F: 10/24/02
By jab16
- 786 reads
Work Diary
About five years ago, I left my doctor's office half drunk, full of the
piss-and-vinegar that vodka provides. I'd finished off half a pint
before going; my plans were to finish it when I was done. In fact, I
did, but not before I'd made a big decision.
That week was my partner's birthday. I treat birthdays with a kind of
reverence. Mine was never ignored, and since I am so full of myself,
that should mean something, shouldn't it? I am the last person you'll
see handing over a gift certificate as a present, vodka or not.

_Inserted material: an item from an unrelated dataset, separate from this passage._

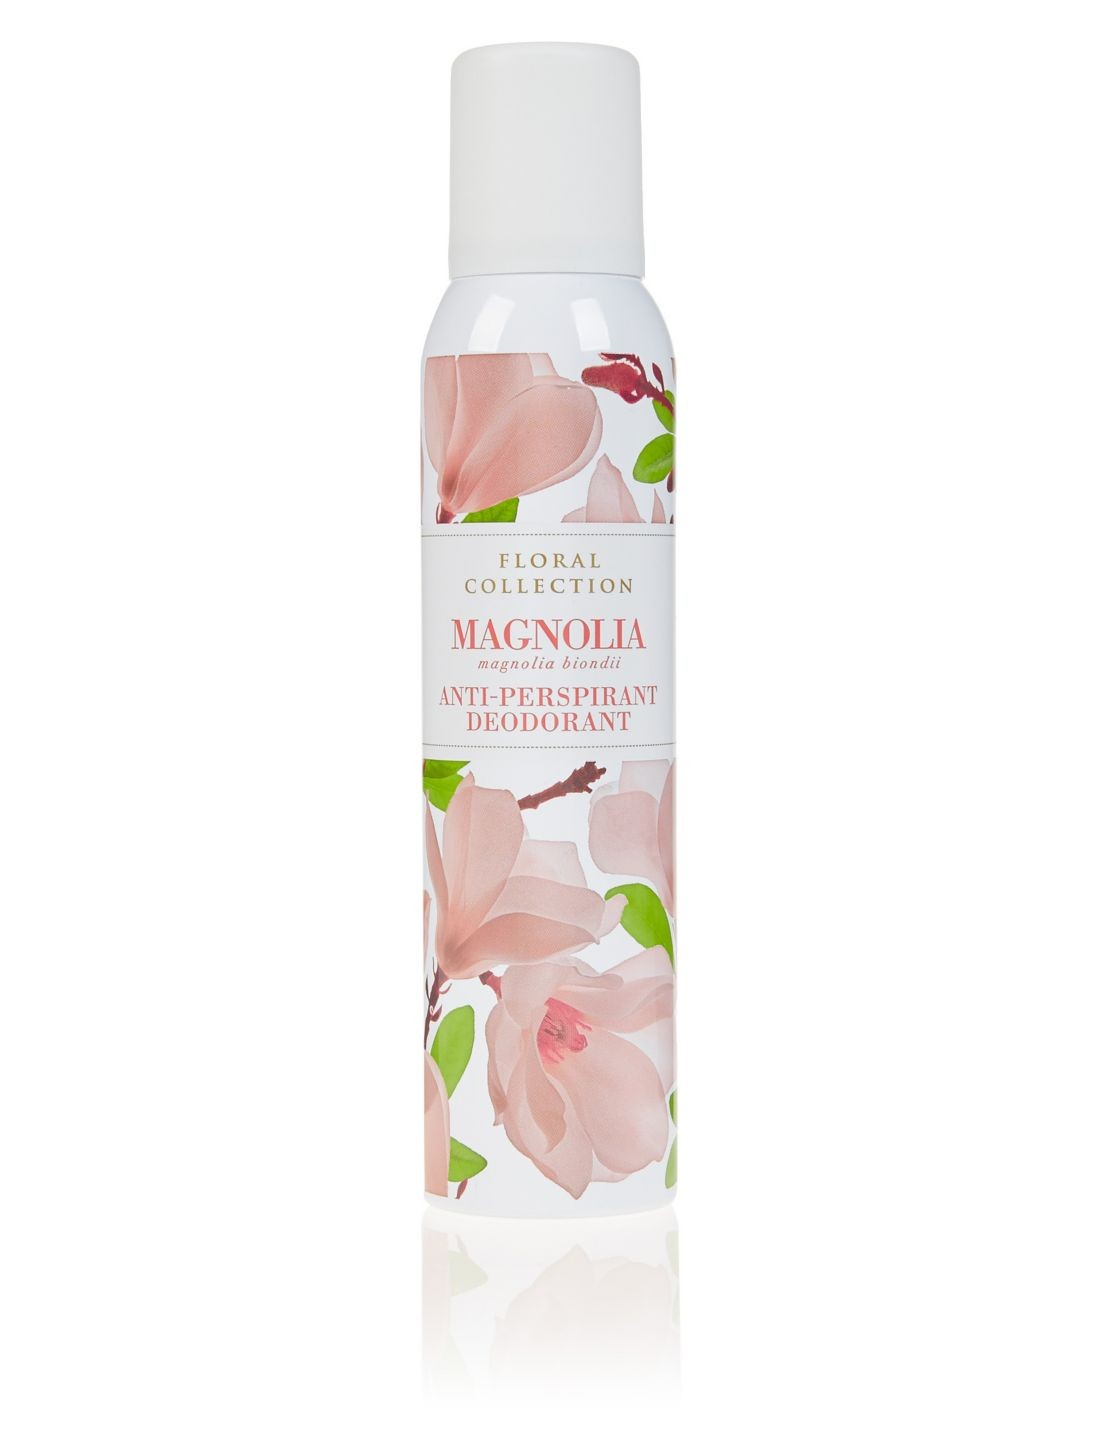 Manolya Kokulu Anti-Perspirant Deodorant 150ml

Birthdays should be divine, because otherwise, what is the whole point
of being here?
I'd been with my partner eight years, long enough to contrast his
feelings about animals with our lack of same. The week of his birthday,
I bought a newspaper and carefully perused the classified ads, looking
for?what? At the time, I didn't know. Also, at the time, I was drinking
heavily, the result of coming to terms with some not-too-pretty aspects
of my childhood. Therapy has that effect, I guess, which may be why so
many people avoid it. I don't blame 'em.
Anyway, I transposed my scrambled brain with the letters in the
classified section, and finally my finger hit "Dogs For Sale." I
vaguely remembered my partner mentioning his past dogs, as well as his
now-dead mother's sad but hilarious stories about the family mutts. I
recalled the word "Beagle," and somehow "Dogs For Sale" seemed like a
good place to stop.
My partner and I were in our first house, a single story brick thing
with a double backyard that begged for gardens and, at the moment,
dogs. I made a call to a woman who said, yes, she had two Beagle
puppies that she was selling for a friend in Wyoming. I was welcome to
stop by at any time.
My big decision, after my appointment with the doctor, was to stop by
and check out these puppies. I finished off my vodka on the way.

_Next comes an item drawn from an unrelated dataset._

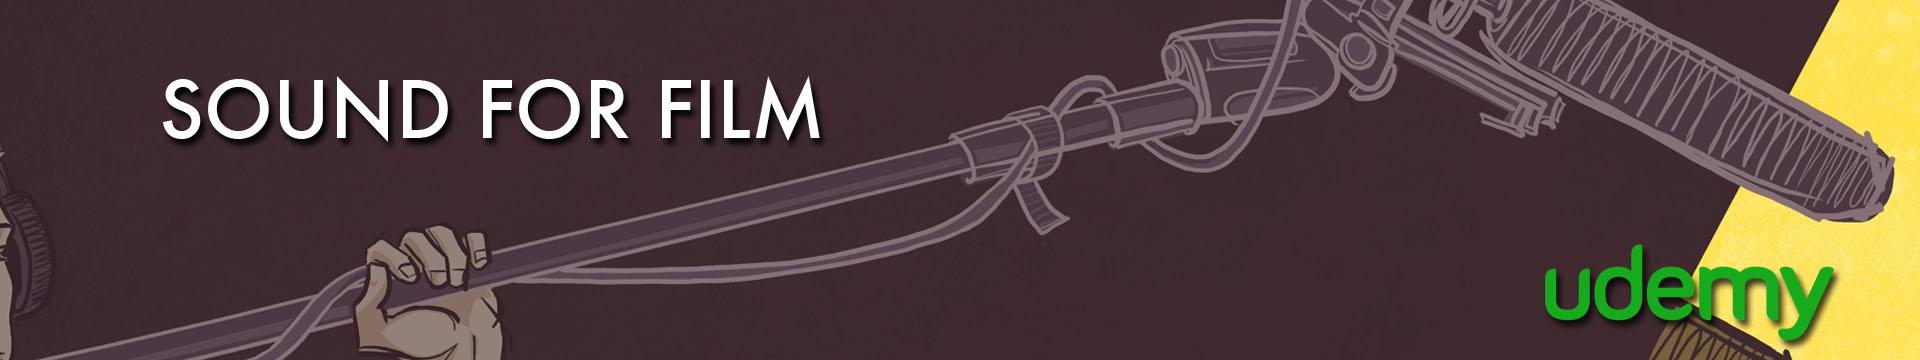 Udemy Sound for Film Banner

I drove to what amounted to a farm in the middle of the city: Acres of
land, some horses, one of those red barns. The woman met me as soon as
I was out of my car. I was furiously chewing on three strips of gum,
hoping to mask the boozy smell that my doctor had already noticed.
Karen - the woman, whose name I somehow remember - took me through a
gate and into the barn. She talked nonstop, about the weather, her
tomato crop, who knows? That I can't remember.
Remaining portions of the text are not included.